TASK PROMPT: What needs transcribing is the line with "Perhatikan kurva titrasi" and every line after it to the end of the records, exactly and alone, with no pictures.
** EXCERPTED DATA follows **
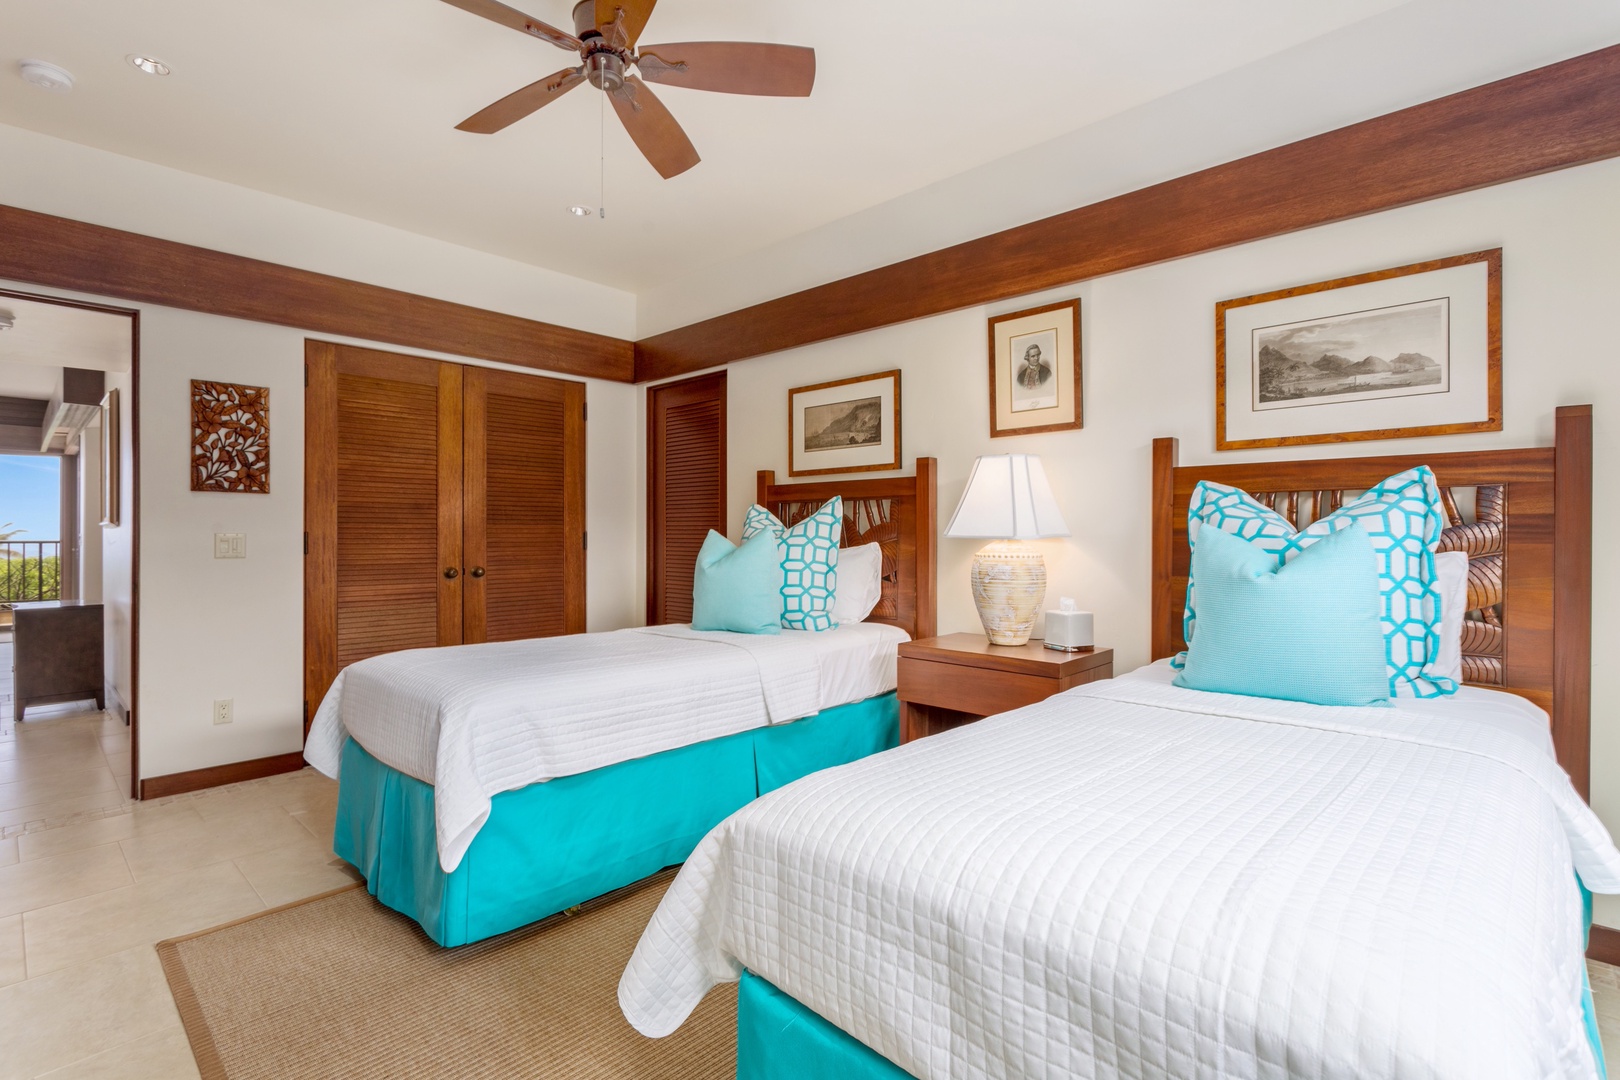 Kamuela Vacation Rentals, OFB 3BD Villas (39) at Mauna Kea Resort - Alternate view of third bedroom.
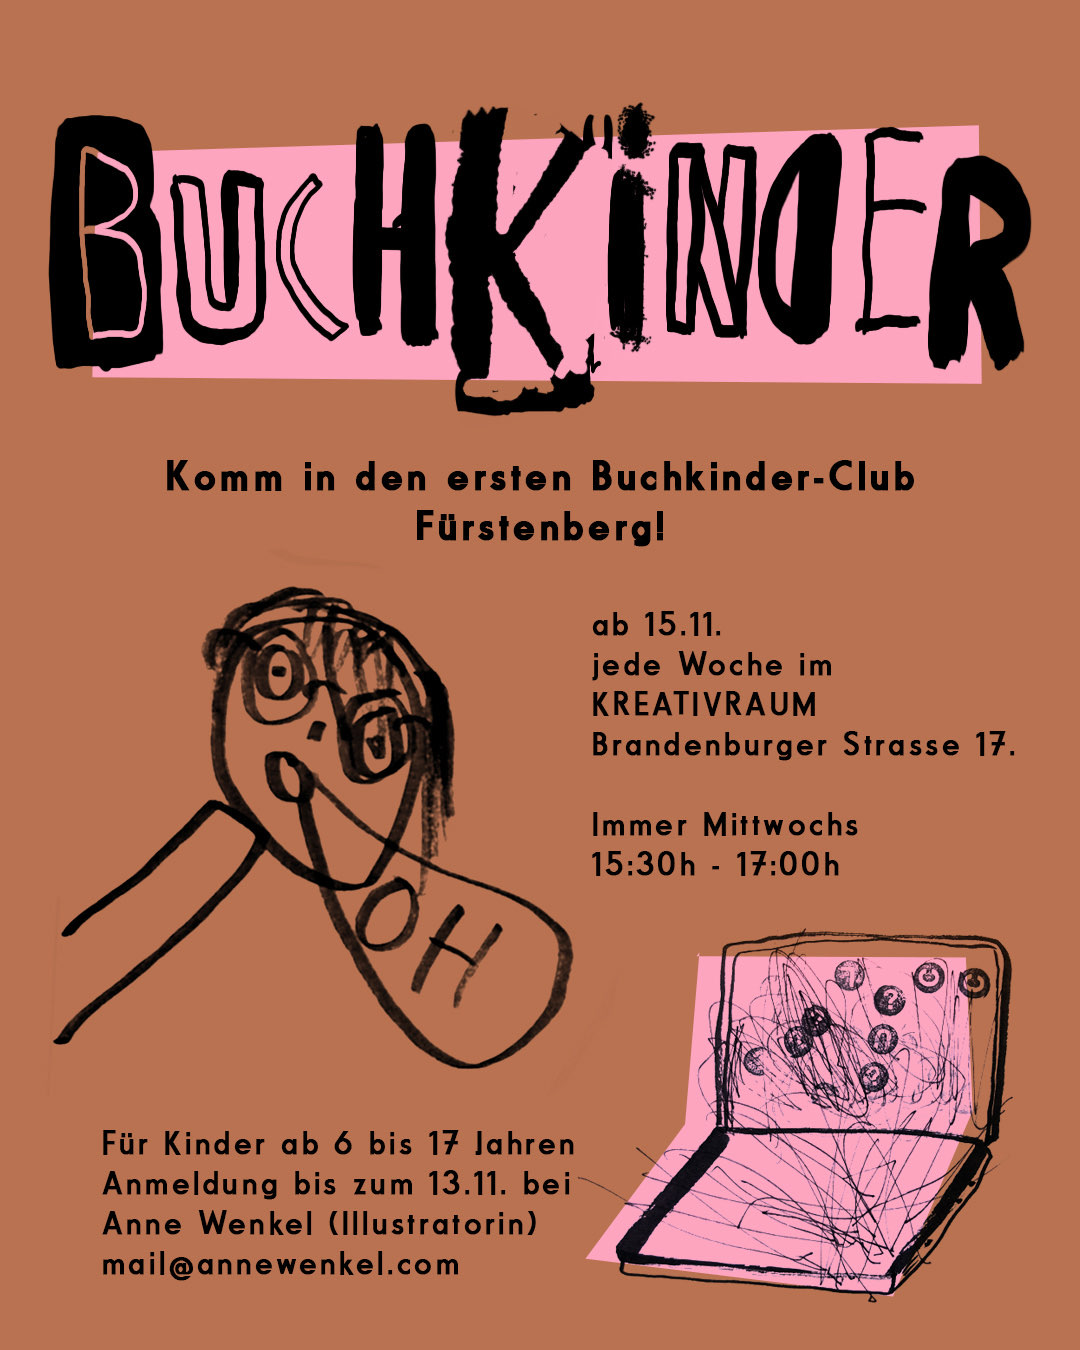 You are currently viewing “Buchkinder” in Fürstenberg
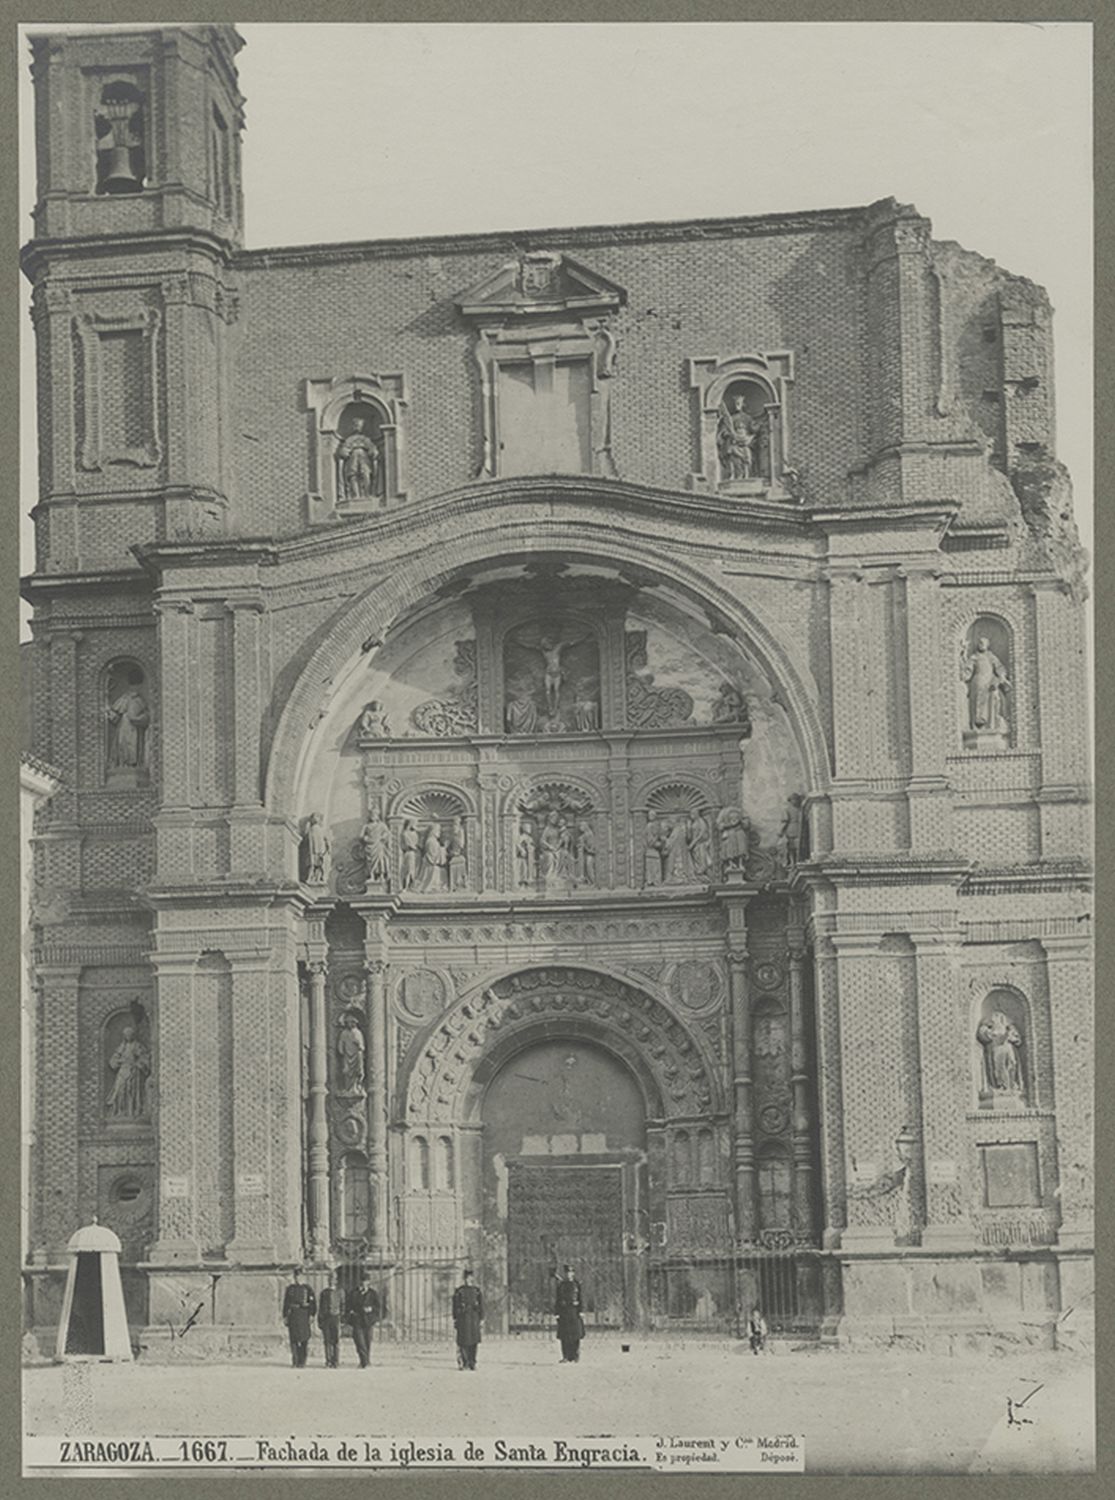 Basílica de Santa Engracia (Zaragoza)
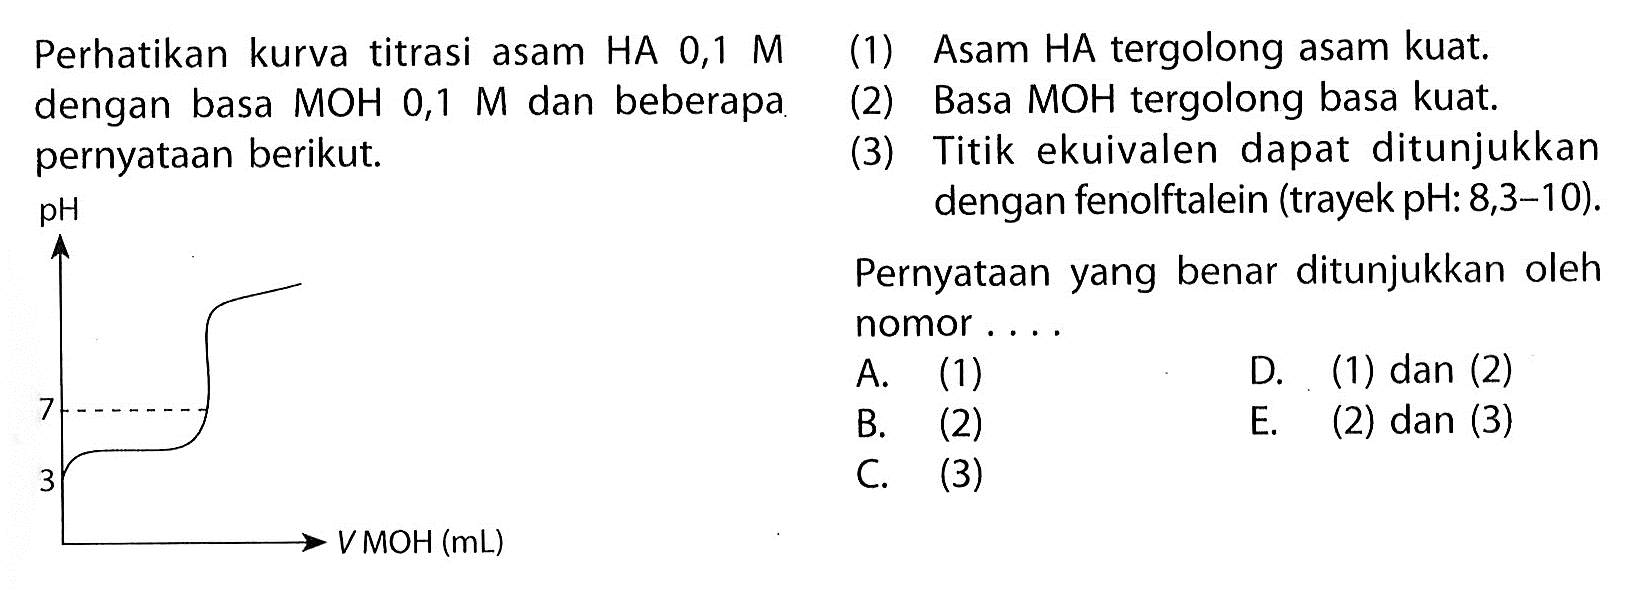 Perhatikan kurva titrasi asam HA 0,1 M dengan basa  MOH 0,1 M dan beberapa pernyataan berikut (1) Asam HA tergolong asam kuat. (2) Basa MOH tergolong basa kuat. (3) Titik ekuivalen dapat ditunjukkan dengan fenolftalein (trayek pH: 8,3-10). Pernyataan yang benar ditunjukkan oleh nomor ...      
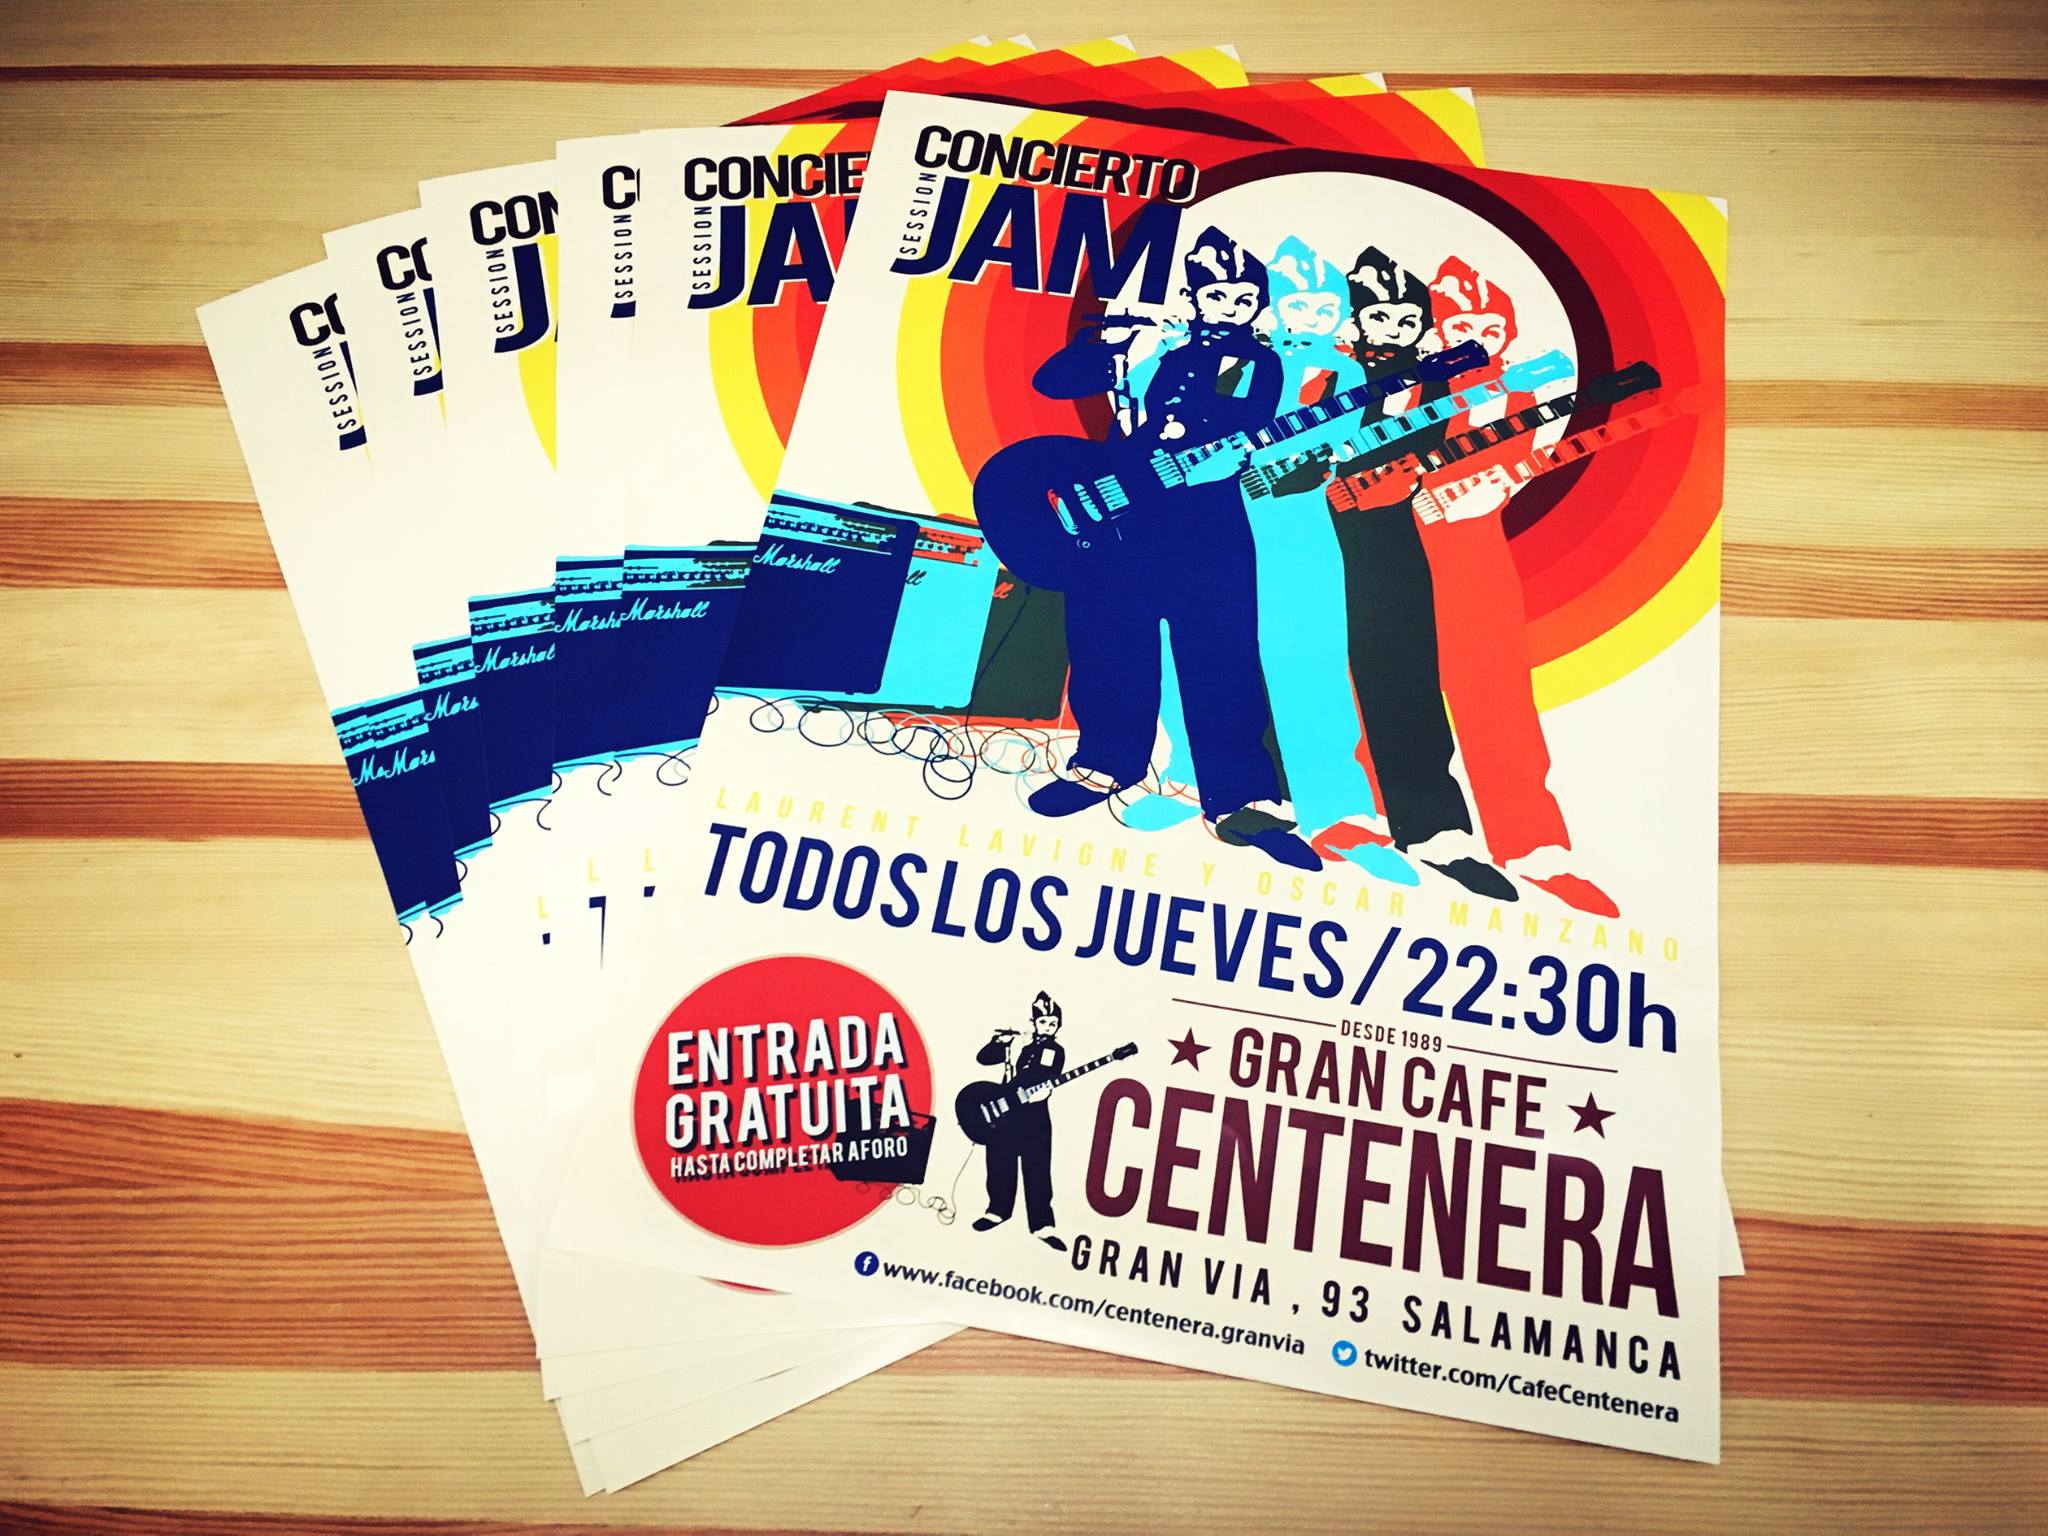 Concierto Jam Session Centenera Salamanca 2017-2018
** End of EXCERPTED DATA **
TASK OUTPUT:
 Perhatikan kurva titrasi asam HA 0,1 M dengan basa  MOH 0,1 M dan beberapa pernyataan berikut (1) Asam HA tergolong asam kuat. (2) Basa MOH tergolong basa kuat. (3) Titik ekuivalen dapat ditunjukkan dengan fenolftalein (trayek pH: 8,3-10). Pernyataan yang benar ditunjukkan oleh nomor ...      
 Concierto Jam Session Centenera Salamanca 2017-2018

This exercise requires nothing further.